[Supplied information]
++++

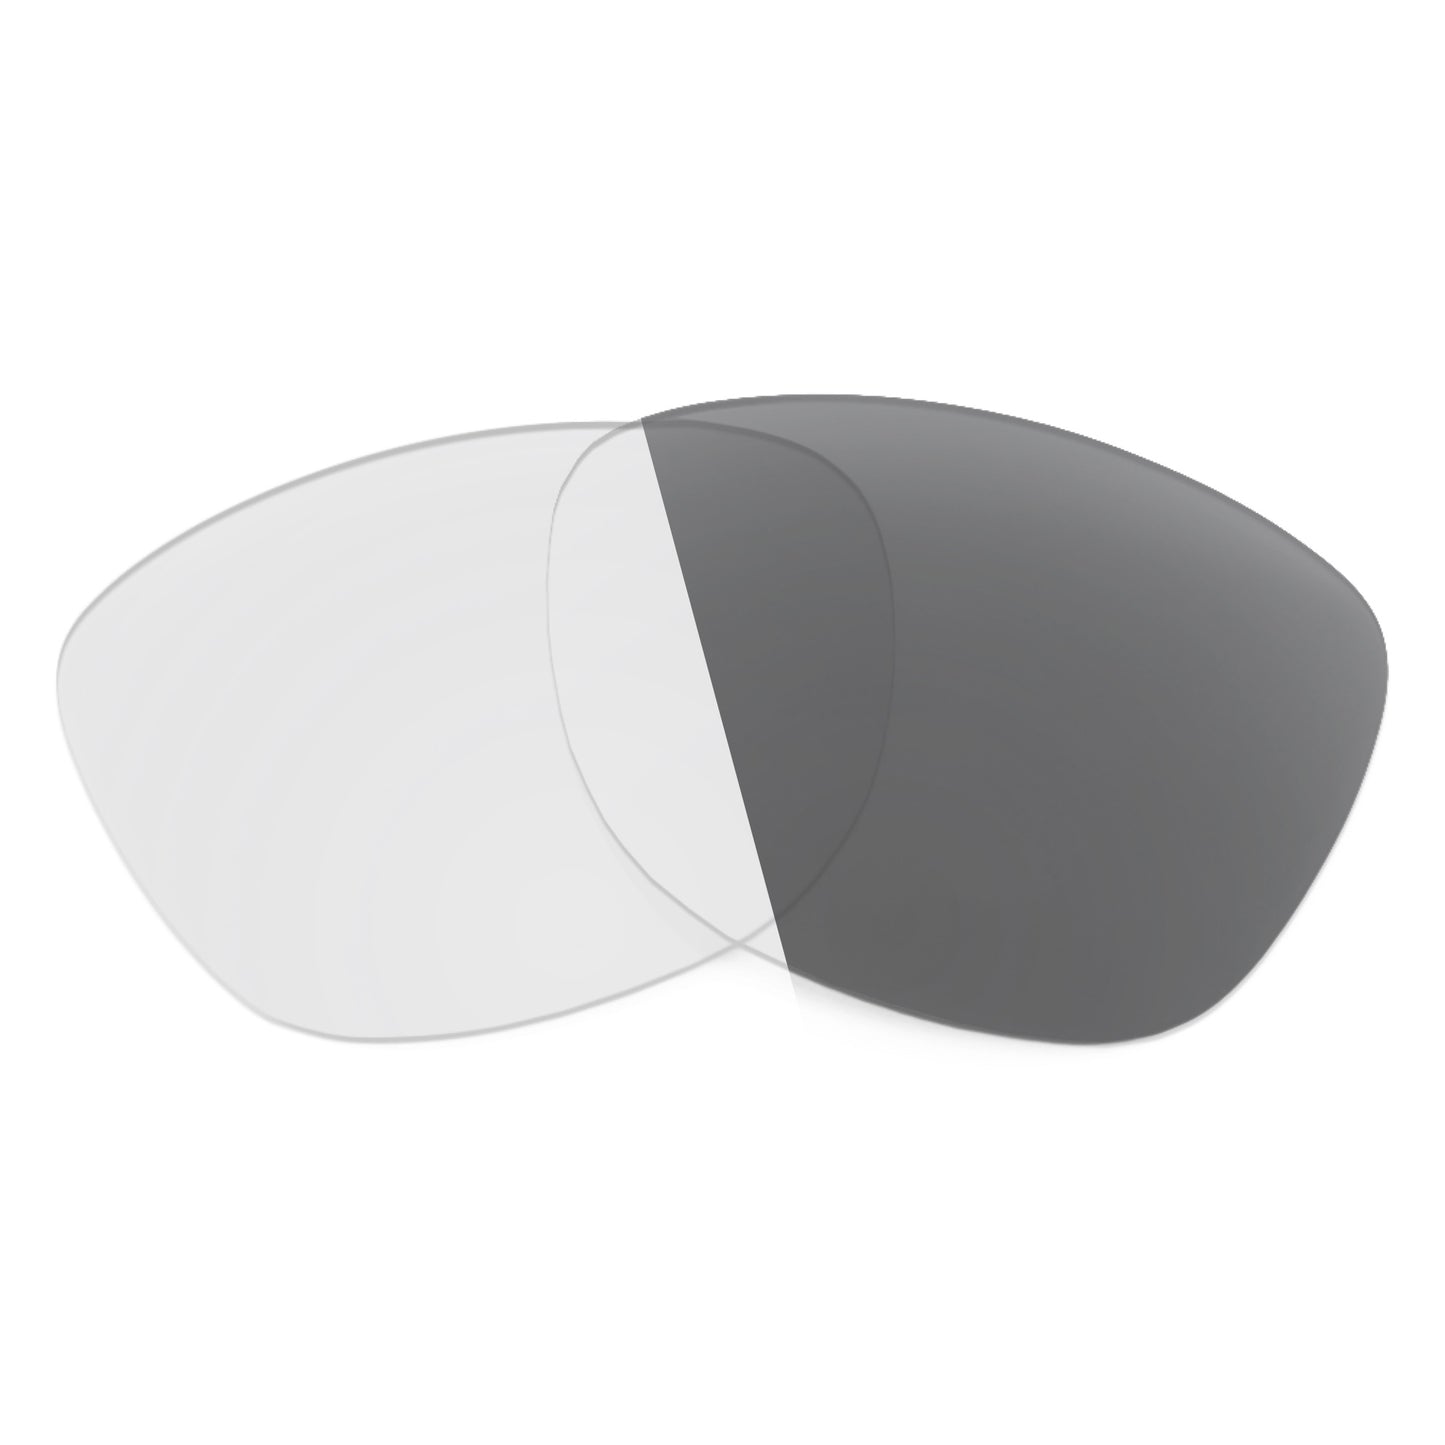 Revant replacement lenses for Ray-Ban Hexagonal RB3548N 48mm Non-Polarized Adapt Gray Photochromic
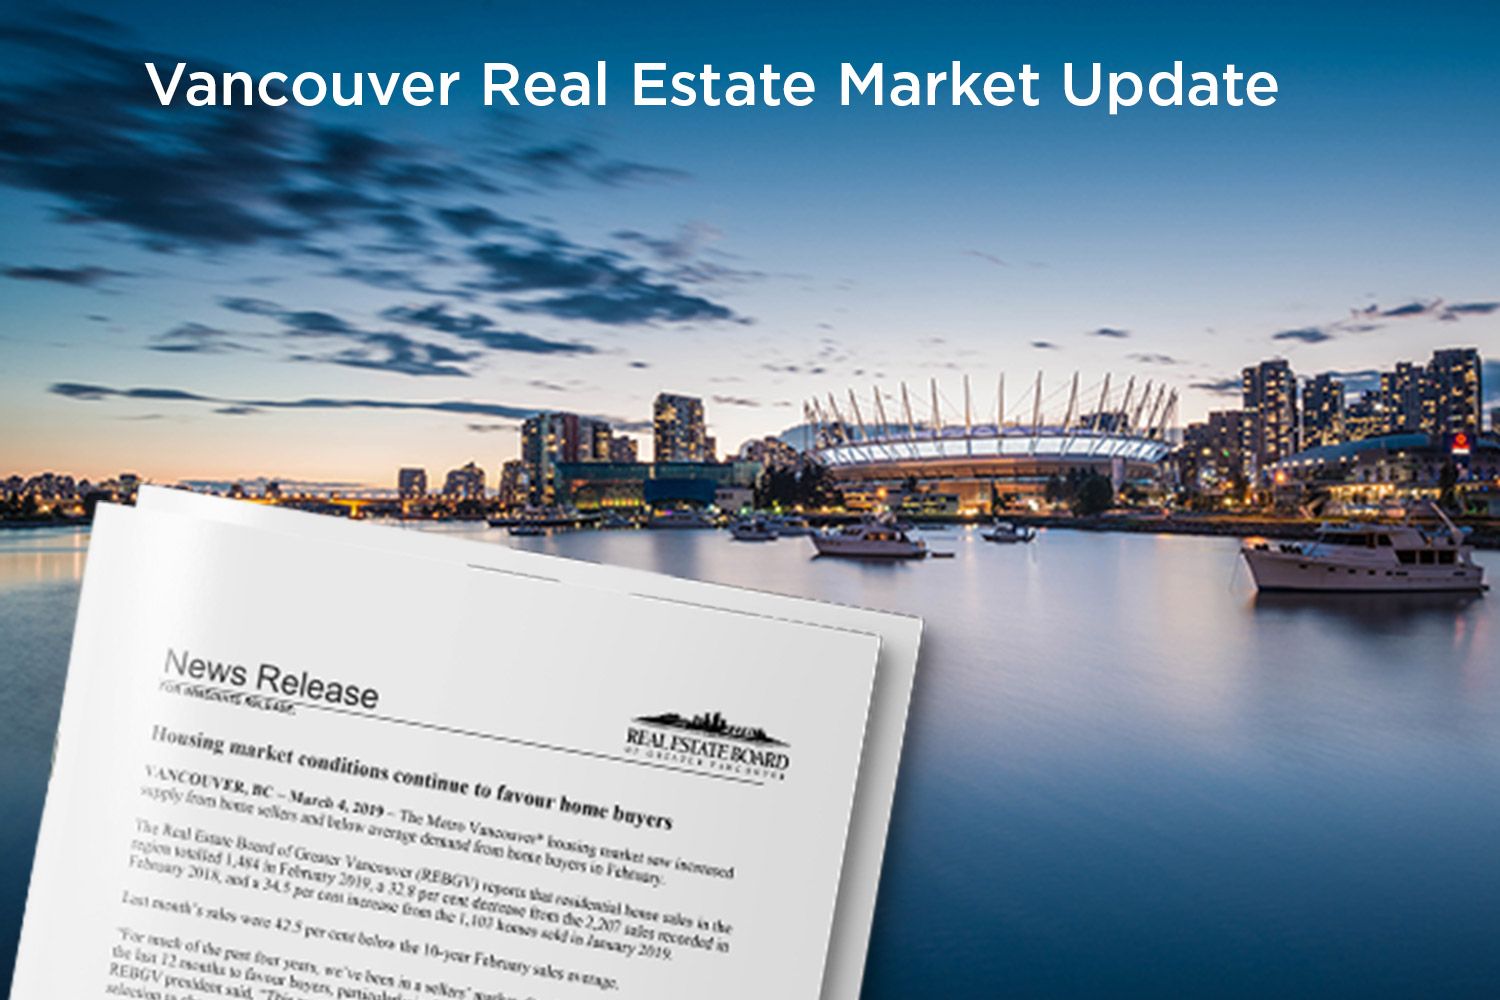 Housing market conditions continue to favour home buyers
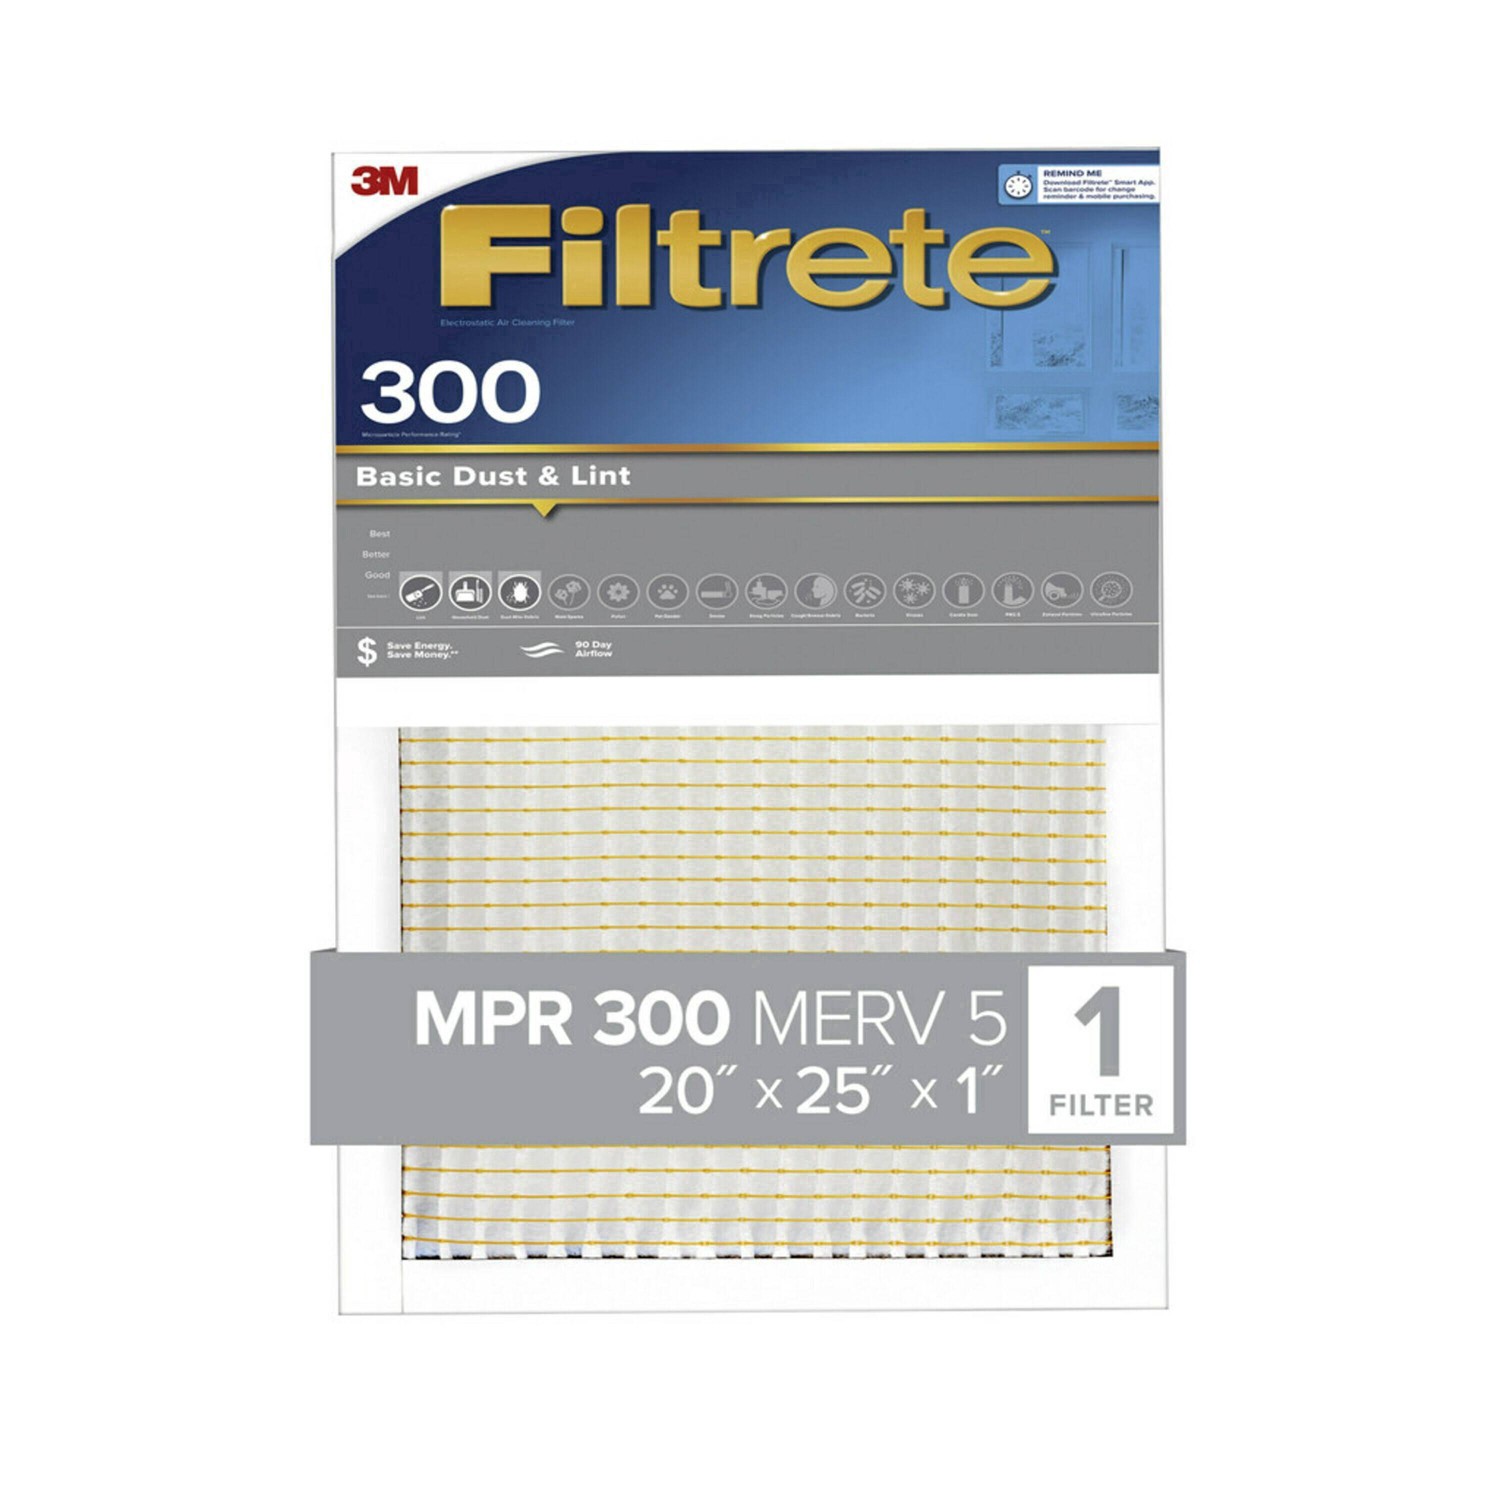 slide 11 of 23, Filtrete Dust Reduction Electrostatic Air Cleaning Filter 1 ea, 20 in x 25 in

++++

Working from the material above, transcribe it exactly while omitting pictures.

 Revant replacement lenses for Ray-Ban Hexagonal RB3548N 48mm Non-Polarized Adapt Gray Photochromic
 Housing market conditions continue to favour home buyers
 slide 11 of 23, Filtrete Dust Reduction Electrostatic Air Cleaning Filter 1 ea, 20 in x 25 in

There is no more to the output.